If he barks even one tiny “humph” after you've given the command, loudly and immediately say: “STOP BARKING!” and withhold the treat. He’ll likely be startled by your outburst, but don’t give in to comfort or reward him unless he stays silent for the full length of time. As soon as he’s stayed silent, immediately hand over the treat. Gradually lengthen the required period of silence as the training proceeds; after 5 seconds of no barking, lengthen it to 10 seconds, 20 seconds and so on. Soon you should be able to ask Fido to sit quietly for one or even 2 minutes after the “Stop barking!” command is given, before rewarding him with his crunchy treat; 2 minutes of silence should be long enough to derail any barking jag he might have been intending to engage in.
- Never reinforce anxiety-induced barking or whining by comforting Fido or talking to him in a soothing voice. Talk to him, pet him, and play with him only after he has been quiet for at least a few seconds.
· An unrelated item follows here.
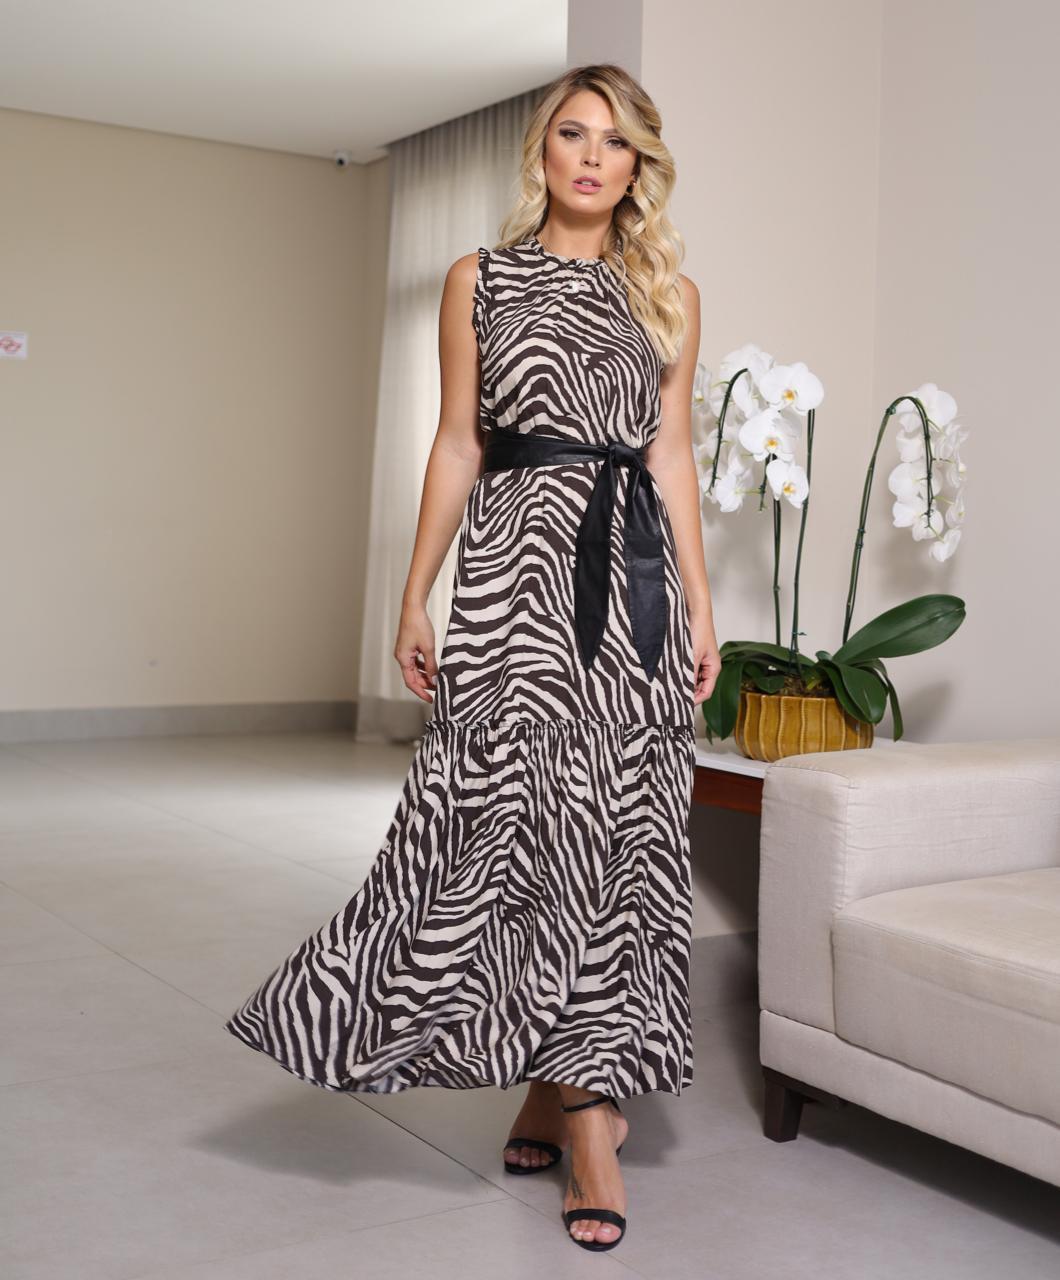 Vestido Cheroy Viscose Safari Zebra Detalhe Franzido C/ Cinto em Couro Eco

- If you have been giving in to your dog by giving him what he wants when you can't stand the barking any longer, you have strongly reinforced him to bark to get what he wants. This behavior will get worse before it gets better, as the dog now thinks he just has to bark longer to get what he wants. To break the pattern you absolutely must hold out, and outlast him - eventually Fido will give up. Wait for a lull in the barking and praise him for being quiet before ever giving him what he’s been asking for.
- Never scold or punish your dog for barking; it’ll only make him that much more anxious and prone to barking.
- Prevent him from seeing or hearing things that typically trigger barking when you’re away from home. If your dog barks at strangers walking by or unfamiliar cars, find some way to block your dog's view: keep the drapes closed, or confine him to a part of the house that has no windows to the street. If unfamiliar noises set him off, keep the radio tuned to a soothing talk-radio station or gentle jazz station in the room where you’ve got him confined. It’ll help distract him from outside noises.
- Socialize your dog to new people, animals, noises and experiences. Take him lots of places and be sure to praise him every time he shows quiet and appropriate behavior. Read here for more on the importance of obedience training and socialization
Keep in mind that if Fido’s excessive barking has already become an ingrained habit, you can’t expect the situation to change overnight; It’ll take time and patience to teach him new habits. Remain calm and consistent with your training, make sure he’s well exercised and his other needs are met, and eventually he should come around.
If all else fails and Fido just can’t seem to stop barking, see a qualified animal behavior therapist; your vet should be able to provide you with a referral.